▶ Information shown:

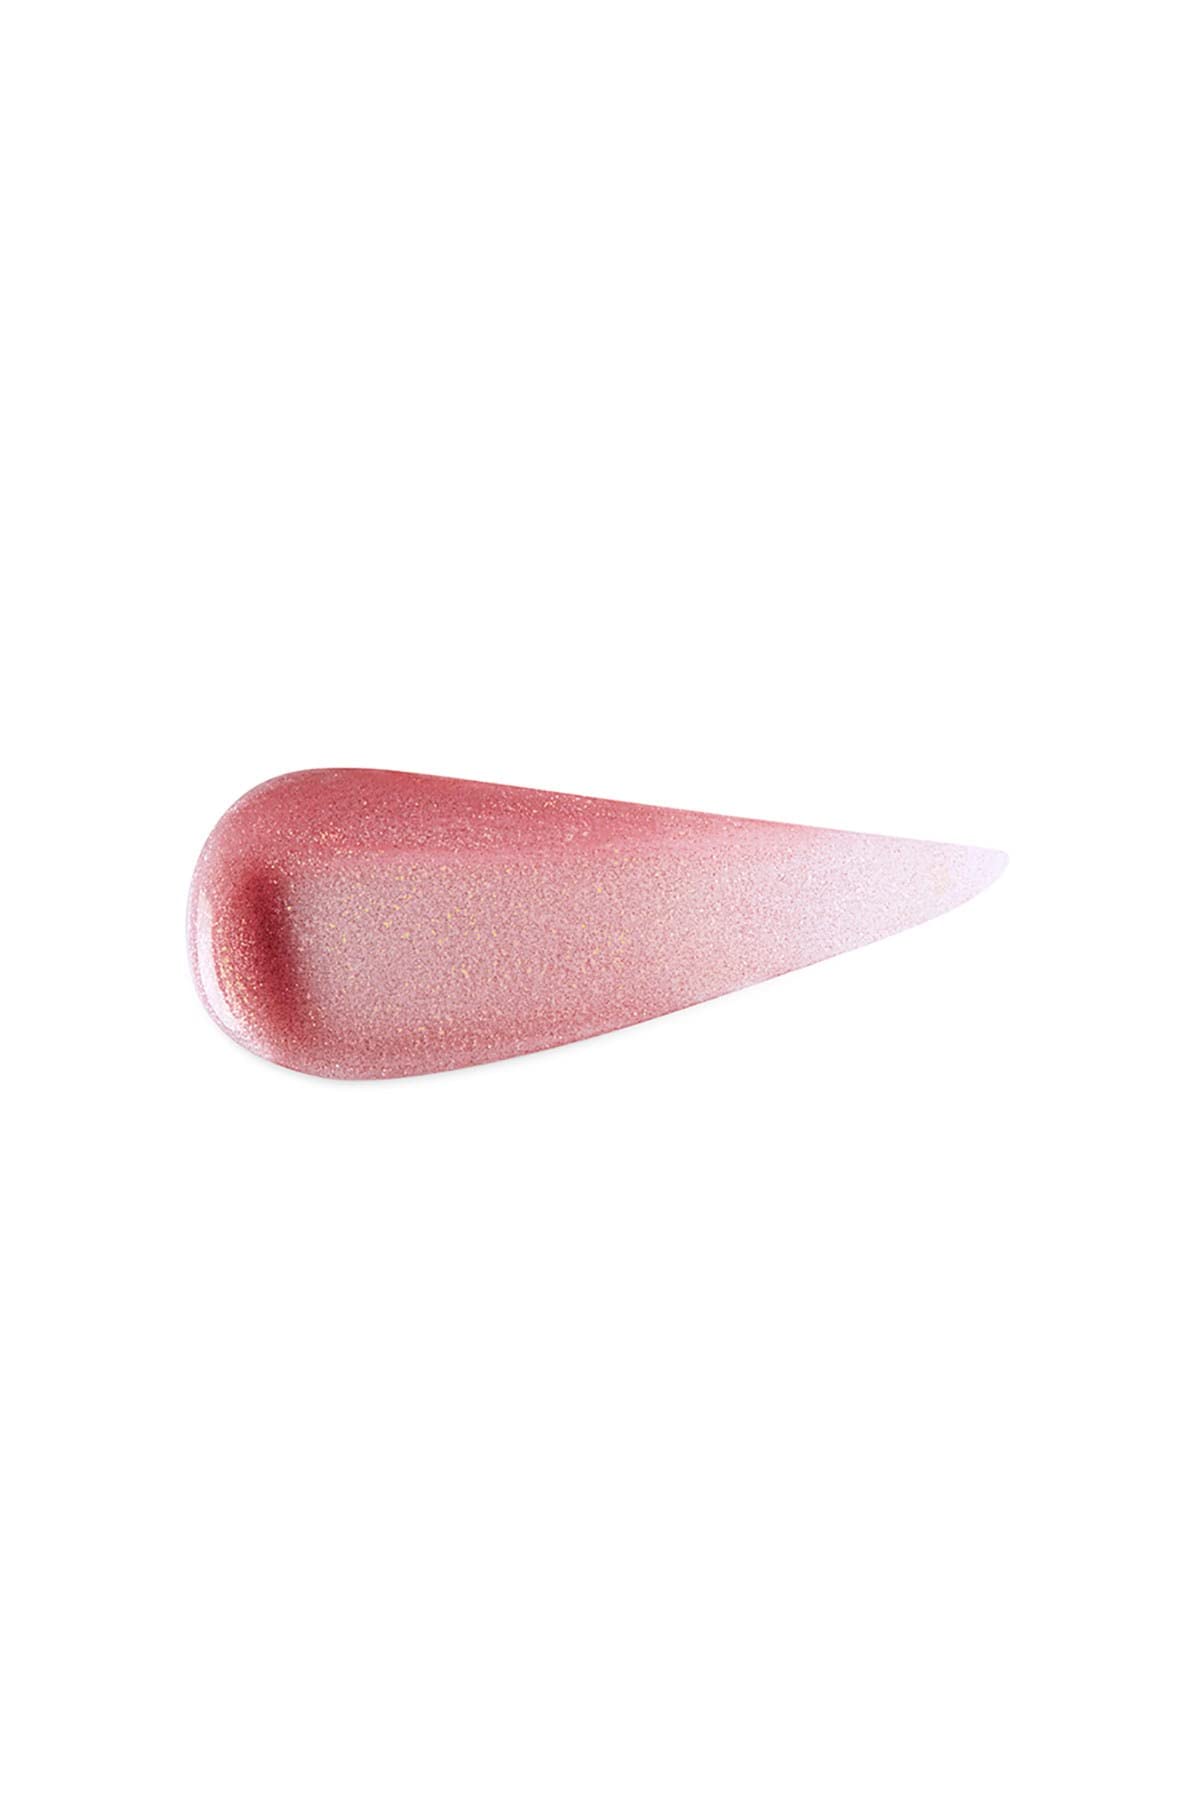 Kiko Milano 3d Hydra Lipgloss 17 | Softening Lip Gloss For A 3d Look
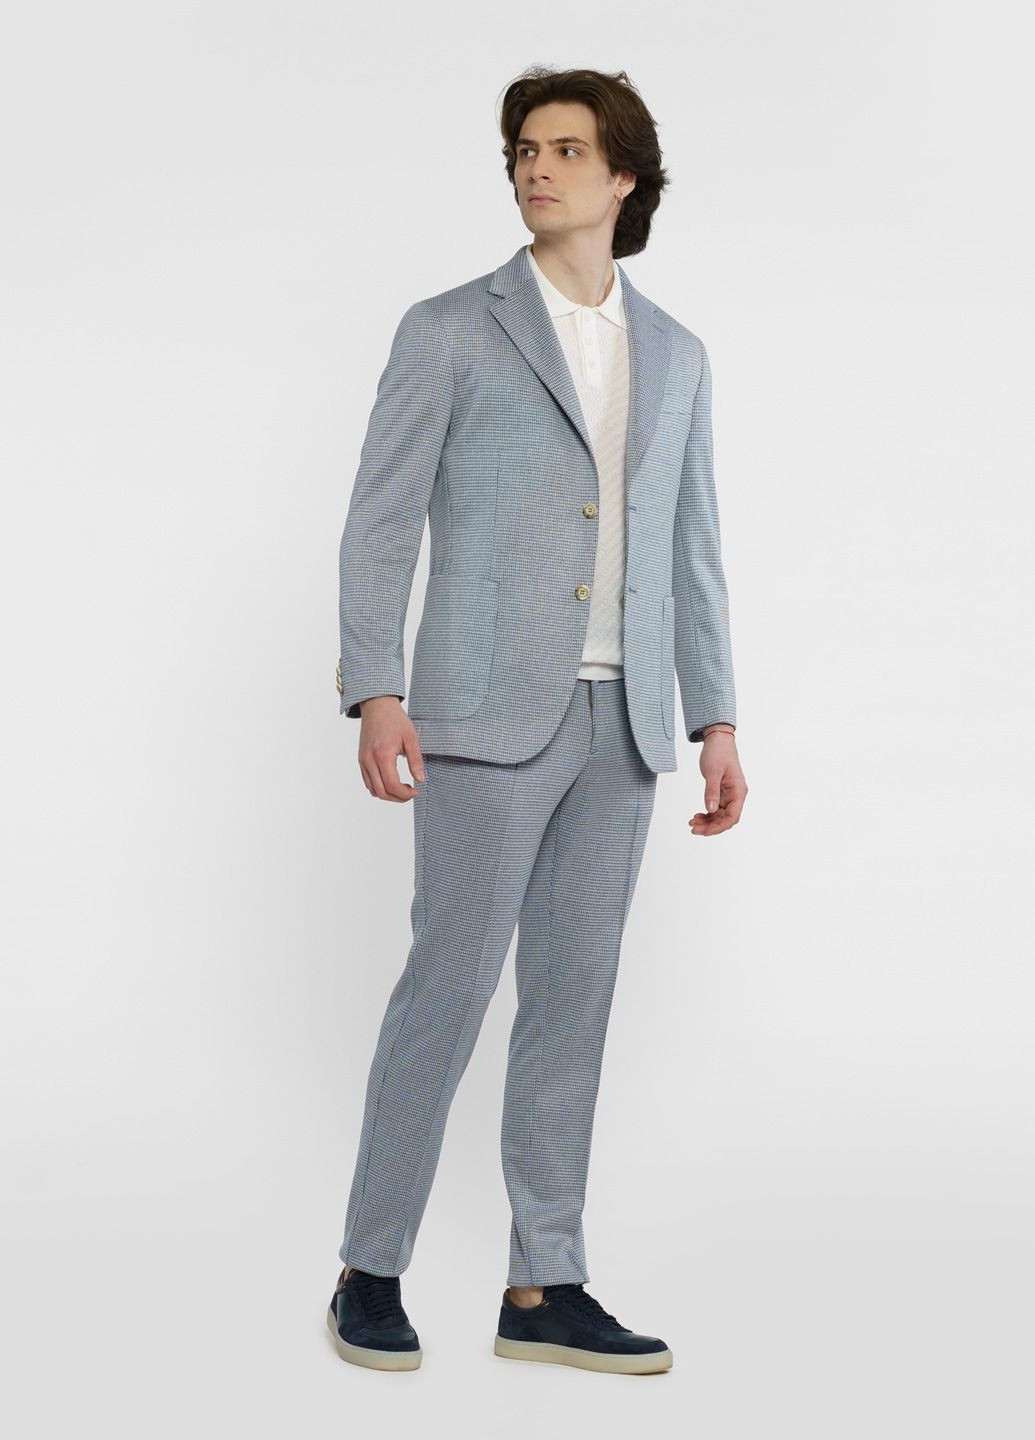 Пиджак мужской серый Arber napoli jersey (291064309)
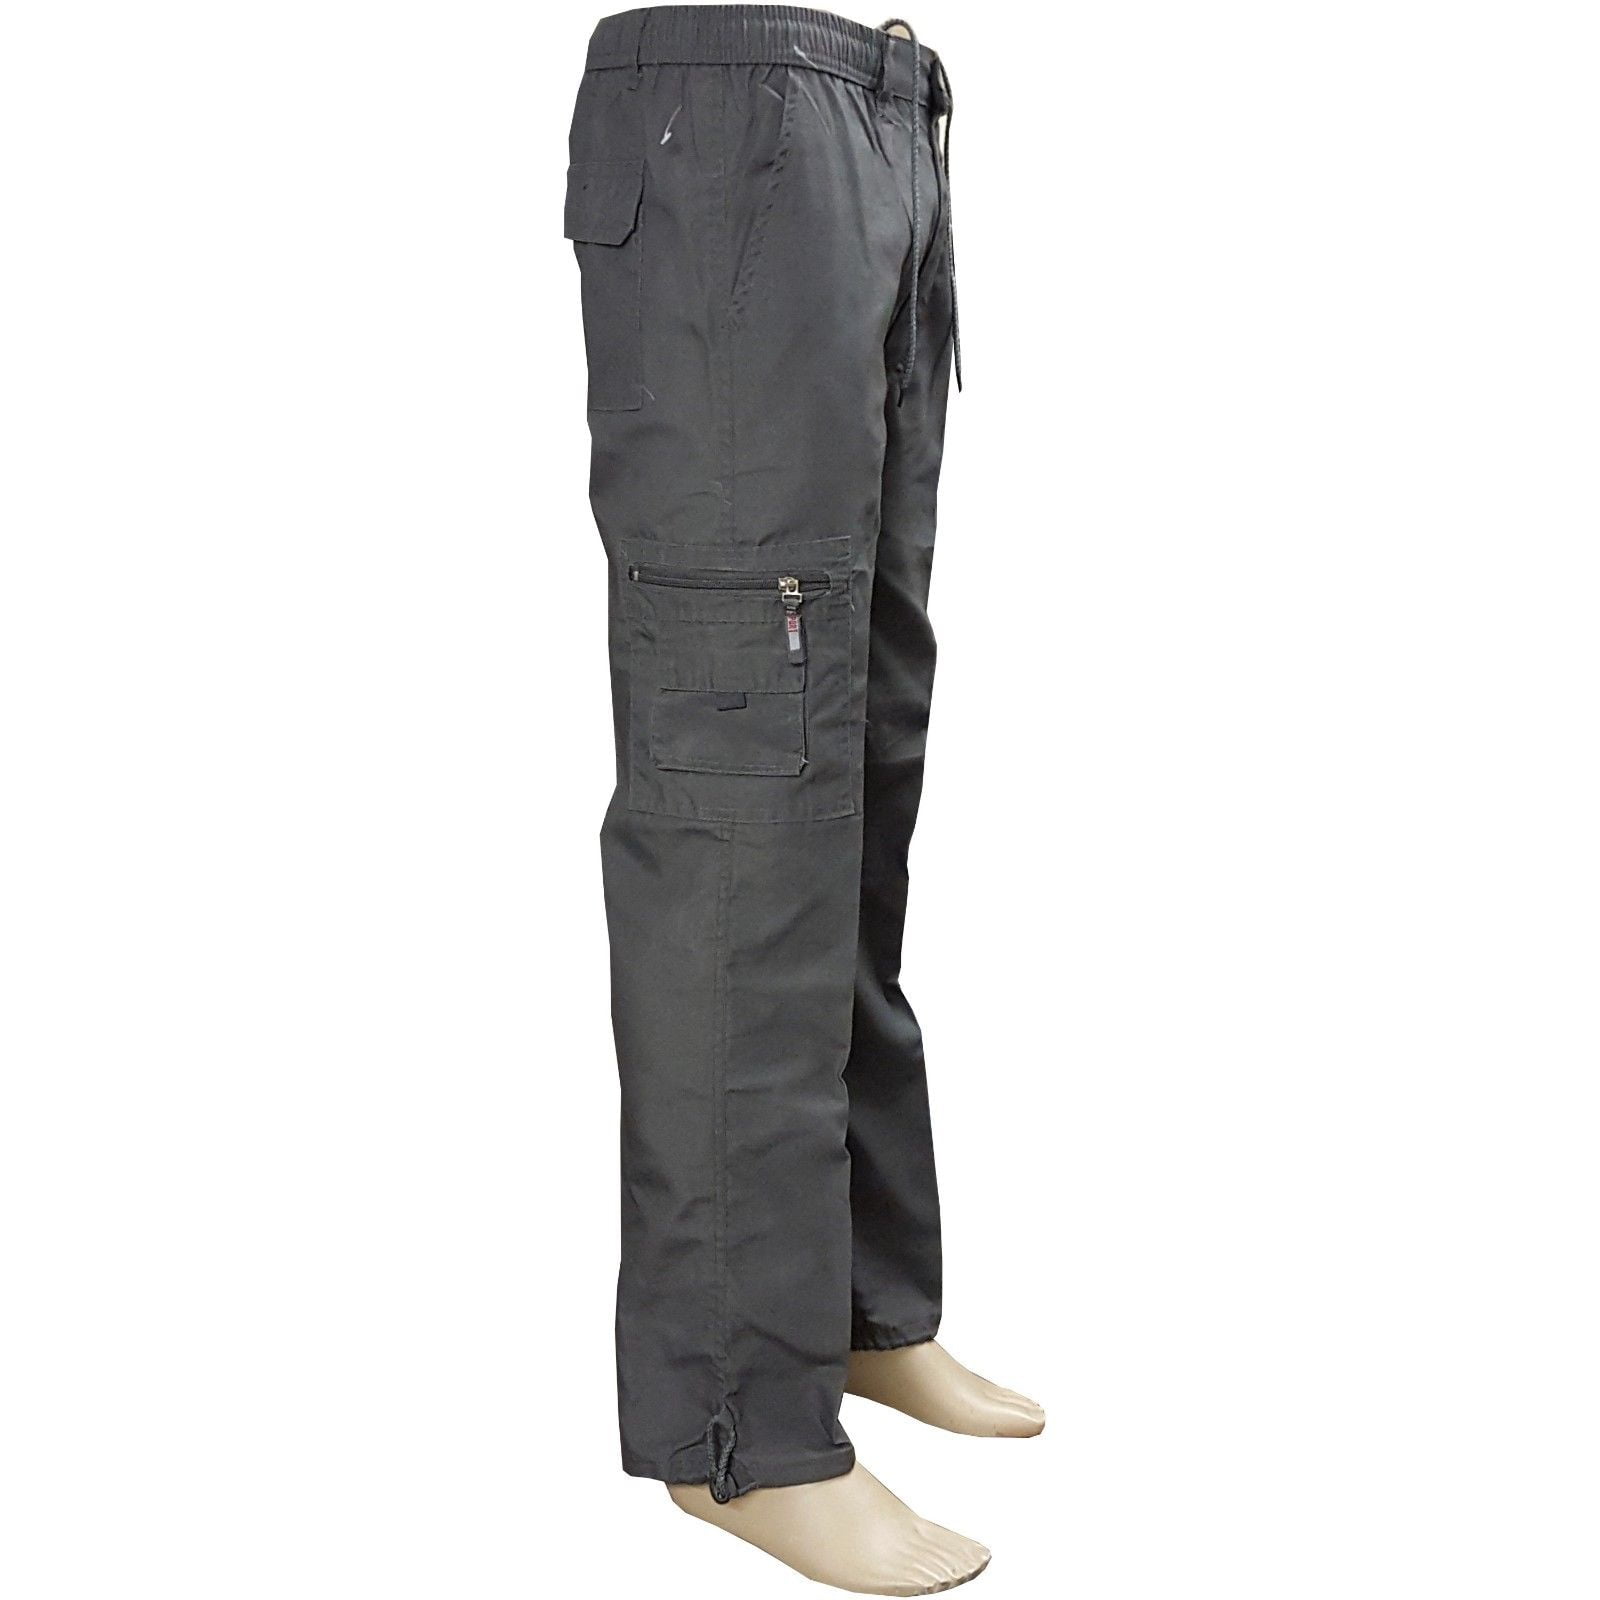 Combat Style Work Trousers Heavy Duty Pants Knee Pad Pocket Cargo Multi Pockets.
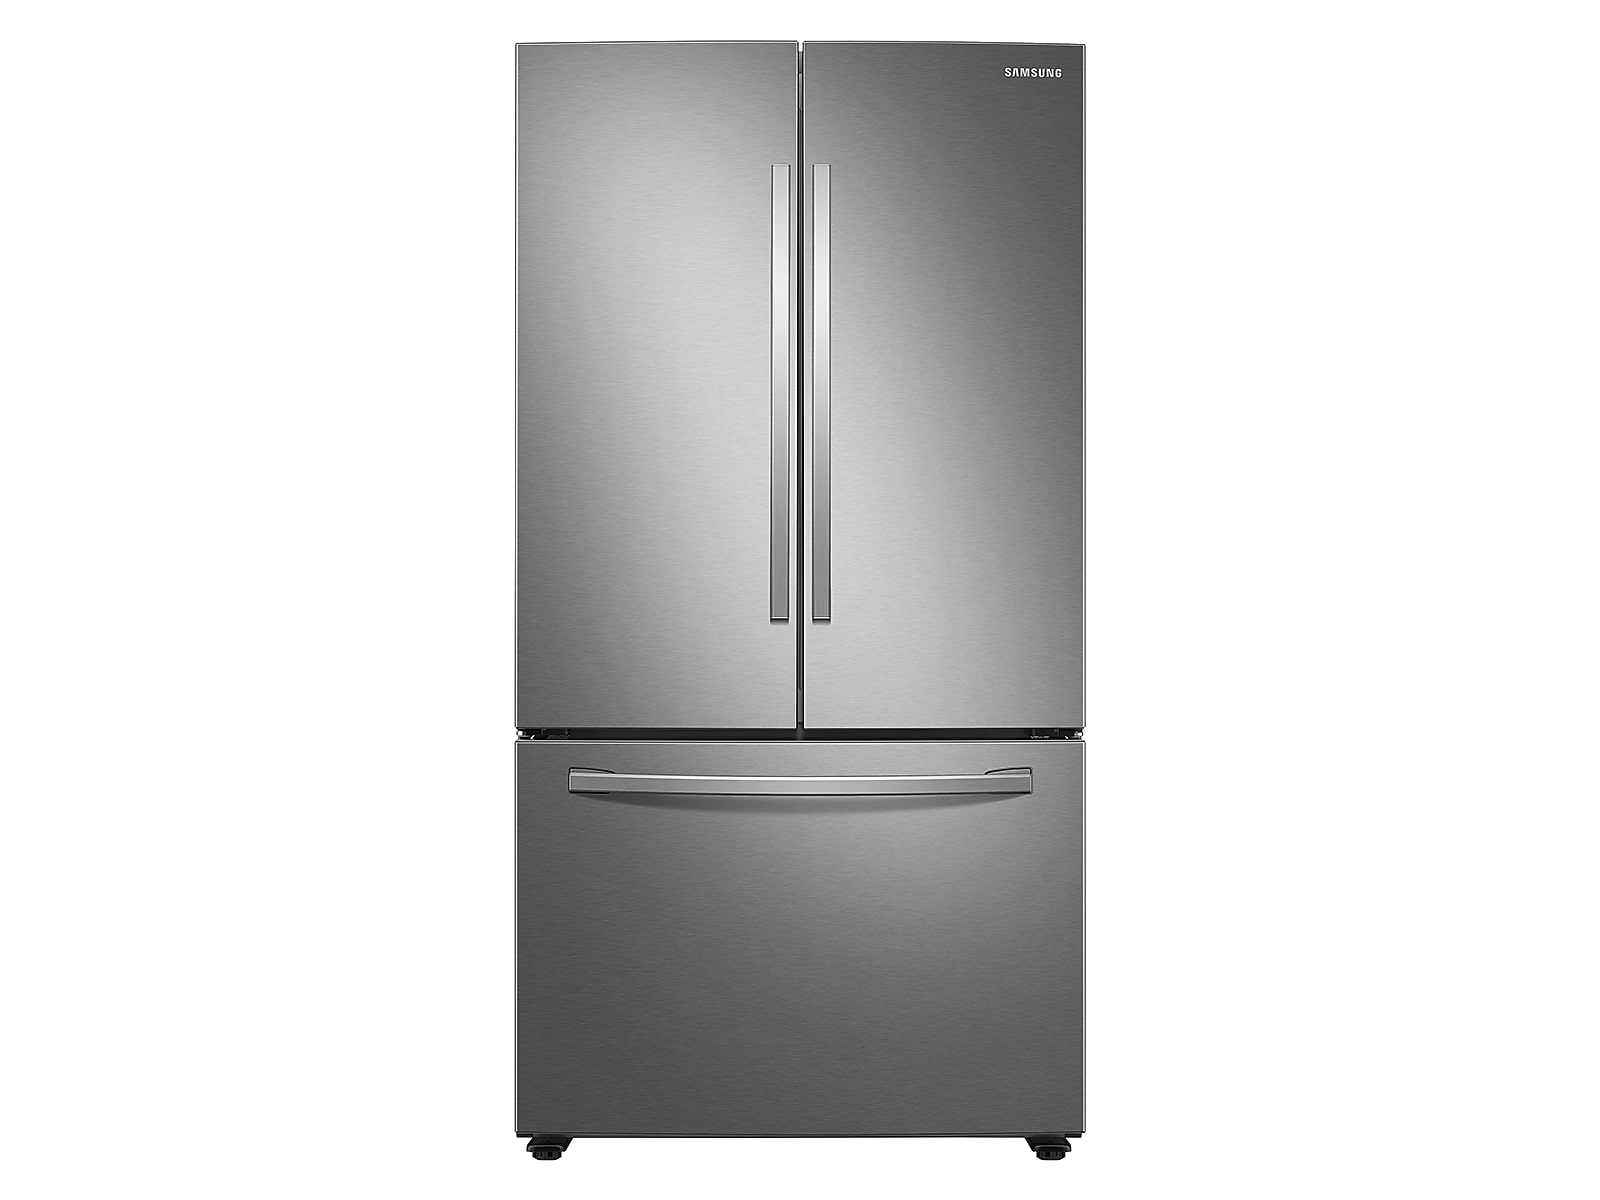 Samsung 28 cu. ft. Large Capacity 3-Door French Door Refrigerator with Internal Water Dispenser in Silver(RF28T5101SR/AA)

▶ What needs to be done: With the images removed, write out all of the material above exactly.

▶ Written reply:
 Kiko Milano 3d Hydra Lipgloss 17 | Softening Lip Gloss For A 3d Look
 Пиджак мужской серый Arber napoli jersey (291064309)
 Combat Style Work Trousers Heavy Duty Pants Knee Pad Pocket Cargo Multi Pockets.
 Samsung 28 cu. ft. Large Capacity 3-Door French Door Refrigerator with Internal Water Dispenser in Silver(RF28T5101SR/AA)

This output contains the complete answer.